**WHAT IS EXPECTED**:
Only the lines from the one containing "International courier networks" to the end of the records should be given again, word for word and in full.

**ENTRIES SUPPLIED**:
§

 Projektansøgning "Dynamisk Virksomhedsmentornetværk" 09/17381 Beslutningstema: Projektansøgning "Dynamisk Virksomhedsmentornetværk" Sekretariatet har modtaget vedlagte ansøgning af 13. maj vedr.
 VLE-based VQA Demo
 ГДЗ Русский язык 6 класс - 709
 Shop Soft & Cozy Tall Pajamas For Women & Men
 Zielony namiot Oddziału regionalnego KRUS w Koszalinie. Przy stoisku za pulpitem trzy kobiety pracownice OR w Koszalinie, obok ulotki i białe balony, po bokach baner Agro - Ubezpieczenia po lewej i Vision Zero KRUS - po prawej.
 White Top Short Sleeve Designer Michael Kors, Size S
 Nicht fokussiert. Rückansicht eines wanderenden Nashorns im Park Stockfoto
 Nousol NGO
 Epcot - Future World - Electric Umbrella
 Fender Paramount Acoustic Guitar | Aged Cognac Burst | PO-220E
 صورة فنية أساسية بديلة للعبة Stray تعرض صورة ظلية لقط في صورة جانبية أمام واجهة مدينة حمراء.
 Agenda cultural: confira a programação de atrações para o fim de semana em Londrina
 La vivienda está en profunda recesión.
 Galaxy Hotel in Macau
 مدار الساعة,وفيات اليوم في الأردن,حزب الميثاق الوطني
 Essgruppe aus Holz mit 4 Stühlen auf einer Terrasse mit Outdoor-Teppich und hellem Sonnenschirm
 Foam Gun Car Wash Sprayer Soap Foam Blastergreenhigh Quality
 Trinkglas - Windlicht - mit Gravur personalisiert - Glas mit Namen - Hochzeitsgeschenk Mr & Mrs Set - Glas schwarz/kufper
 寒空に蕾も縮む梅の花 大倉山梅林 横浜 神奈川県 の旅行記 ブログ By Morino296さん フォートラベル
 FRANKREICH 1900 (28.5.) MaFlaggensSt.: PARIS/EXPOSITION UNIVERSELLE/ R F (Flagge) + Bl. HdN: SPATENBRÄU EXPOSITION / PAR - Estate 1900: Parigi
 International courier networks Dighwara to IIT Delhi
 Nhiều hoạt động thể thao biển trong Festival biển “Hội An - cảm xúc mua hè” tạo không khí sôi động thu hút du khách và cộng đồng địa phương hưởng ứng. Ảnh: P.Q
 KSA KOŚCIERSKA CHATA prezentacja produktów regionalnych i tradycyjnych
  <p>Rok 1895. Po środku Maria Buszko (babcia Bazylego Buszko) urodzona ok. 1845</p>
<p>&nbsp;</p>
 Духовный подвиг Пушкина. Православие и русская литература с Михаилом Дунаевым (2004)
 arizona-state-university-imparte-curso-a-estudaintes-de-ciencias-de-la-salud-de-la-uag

§

**PROBLEM SOLUTION**:
 International courier networks Dighwara to IIT Delhi
 Nhiều hoạt động thể thao biển trong Festival biển “Hội An - cảm xúc mua hè” tạo không khí sôi động thu hút du khách và cộng đồng địa phương hưởng ứng. Ảnh: P.Q
 KSA KOŚCIERSKA CHATA prezentacja produktów regionalnych i tradycyjnych
  <p>Rok 1895. Po środku Maria Buszko (babcia Bazylego Buszko) urodzona ok. 1845</p>
<p>&nbsp;</p>
 Духовный подвиг Пушкина. Православие и русская литература с Михаилом Дунаевым (2004)
 arizona-state-university-imparte-curso-a-estudaintes-de-ciencias-de-la-salud-de-la-uag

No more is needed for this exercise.